**Data shown**

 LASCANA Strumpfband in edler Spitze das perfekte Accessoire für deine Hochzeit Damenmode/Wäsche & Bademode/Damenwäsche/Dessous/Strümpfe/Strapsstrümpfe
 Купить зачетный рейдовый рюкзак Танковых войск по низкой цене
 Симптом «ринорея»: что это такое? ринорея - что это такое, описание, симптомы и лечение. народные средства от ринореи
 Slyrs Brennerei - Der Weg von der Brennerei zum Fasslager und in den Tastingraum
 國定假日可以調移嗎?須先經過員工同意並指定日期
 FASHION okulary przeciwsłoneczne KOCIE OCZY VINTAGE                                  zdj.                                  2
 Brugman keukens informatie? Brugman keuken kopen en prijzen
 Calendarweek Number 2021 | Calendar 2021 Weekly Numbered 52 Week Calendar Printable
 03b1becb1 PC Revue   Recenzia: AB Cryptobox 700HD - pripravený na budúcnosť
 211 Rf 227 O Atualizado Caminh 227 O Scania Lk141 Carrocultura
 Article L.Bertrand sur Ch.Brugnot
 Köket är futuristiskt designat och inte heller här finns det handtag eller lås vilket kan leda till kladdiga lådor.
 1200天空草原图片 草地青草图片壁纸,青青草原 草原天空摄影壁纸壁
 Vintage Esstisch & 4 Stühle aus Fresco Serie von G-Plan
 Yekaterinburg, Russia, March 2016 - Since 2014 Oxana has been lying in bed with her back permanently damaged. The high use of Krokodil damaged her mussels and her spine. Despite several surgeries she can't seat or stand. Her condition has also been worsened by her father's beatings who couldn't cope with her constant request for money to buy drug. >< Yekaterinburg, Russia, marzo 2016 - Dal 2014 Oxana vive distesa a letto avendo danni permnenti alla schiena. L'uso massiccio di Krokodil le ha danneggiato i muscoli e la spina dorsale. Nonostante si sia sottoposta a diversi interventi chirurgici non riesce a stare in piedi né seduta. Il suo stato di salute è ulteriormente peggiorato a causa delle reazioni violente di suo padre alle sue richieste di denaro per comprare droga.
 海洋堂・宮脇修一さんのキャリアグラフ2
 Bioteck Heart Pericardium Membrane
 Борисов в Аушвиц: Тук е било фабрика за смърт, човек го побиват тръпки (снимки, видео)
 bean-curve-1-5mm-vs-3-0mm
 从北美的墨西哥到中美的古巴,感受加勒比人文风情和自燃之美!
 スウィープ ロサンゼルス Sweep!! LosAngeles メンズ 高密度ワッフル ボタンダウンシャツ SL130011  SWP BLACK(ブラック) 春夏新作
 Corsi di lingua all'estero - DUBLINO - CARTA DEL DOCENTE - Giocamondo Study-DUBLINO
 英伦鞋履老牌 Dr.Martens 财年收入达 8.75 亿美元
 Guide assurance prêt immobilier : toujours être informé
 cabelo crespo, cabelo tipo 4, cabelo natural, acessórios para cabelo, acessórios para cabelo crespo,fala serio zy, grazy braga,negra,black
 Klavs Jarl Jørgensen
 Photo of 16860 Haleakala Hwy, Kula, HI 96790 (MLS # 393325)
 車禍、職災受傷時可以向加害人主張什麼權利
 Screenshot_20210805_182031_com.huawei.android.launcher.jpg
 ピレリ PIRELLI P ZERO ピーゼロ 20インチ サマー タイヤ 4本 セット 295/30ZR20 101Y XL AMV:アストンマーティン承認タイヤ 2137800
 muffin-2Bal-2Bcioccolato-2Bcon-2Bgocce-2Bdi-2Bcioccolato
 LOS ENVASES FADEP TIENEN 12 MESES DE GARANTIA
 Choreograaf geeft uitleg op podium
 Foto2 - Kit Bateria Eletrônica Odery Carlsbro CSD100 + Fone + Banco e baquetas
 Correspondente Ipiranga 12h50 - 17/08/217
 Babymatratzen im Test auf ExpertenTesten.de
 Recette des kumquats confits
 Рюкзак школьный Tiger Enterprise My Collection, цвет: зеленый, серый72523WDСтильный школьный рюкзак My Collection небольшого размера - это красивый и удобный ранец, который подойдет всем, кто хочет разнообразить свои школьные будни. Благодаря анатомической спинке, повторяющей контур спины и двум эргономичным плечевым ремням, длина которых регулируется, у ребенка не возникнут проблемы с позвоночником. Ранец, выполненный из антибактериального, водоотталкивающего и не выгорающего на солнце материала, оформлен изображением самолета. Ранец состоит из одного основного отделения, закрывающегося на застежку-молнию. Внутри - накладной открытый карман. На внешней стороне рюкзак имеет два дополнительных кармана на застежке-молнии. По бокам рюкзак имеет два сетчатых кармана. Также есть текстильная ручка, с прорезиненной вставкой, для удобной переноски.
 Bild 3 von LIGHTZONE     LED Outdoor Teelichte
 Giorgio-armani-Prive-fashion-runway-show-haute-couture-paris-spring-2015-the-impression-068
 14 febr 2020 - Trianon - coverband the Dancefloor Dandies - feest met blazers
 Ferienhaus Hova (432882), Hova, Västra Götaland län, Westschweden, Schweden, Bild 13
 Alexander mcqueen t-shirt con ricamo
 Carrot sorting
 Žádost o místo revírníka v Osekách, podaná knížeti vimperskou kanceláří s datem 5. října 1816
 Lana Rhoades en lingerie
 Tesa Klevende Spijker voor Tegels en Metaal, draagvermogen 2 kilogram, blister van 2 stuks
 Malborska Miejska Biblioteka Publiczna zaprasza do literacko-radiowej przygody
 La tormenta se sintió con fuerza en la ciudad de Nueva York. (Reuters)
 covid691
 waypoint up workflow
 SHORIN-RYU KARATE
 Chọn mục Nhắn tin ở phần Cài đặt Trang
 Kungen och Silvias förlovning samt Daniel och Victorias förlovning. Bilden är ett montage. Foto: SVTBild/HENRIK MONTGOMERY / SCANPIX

**Try it**
Please give an exact copy of the entries above, from the line with "LOS ENVASES FADEP" down to the line with "Recette des kumquats confits", inclusive, and nothing else.

**Answer section**
 LOS ENVASES FADEP TIENEN 12 MESES DE GARANTIA
 Choreograaf geeft uitleg op podium
 Foto2 - Kit Bateria Eletrônica Odery Carlsbro CSD100 + Fone + Banco e baquetas
 Correspondente Ipiranga 12h50 - 17/08/217
 Babymatratzen im Test auf ExpertenTesten.de
 Recette des kumquats confits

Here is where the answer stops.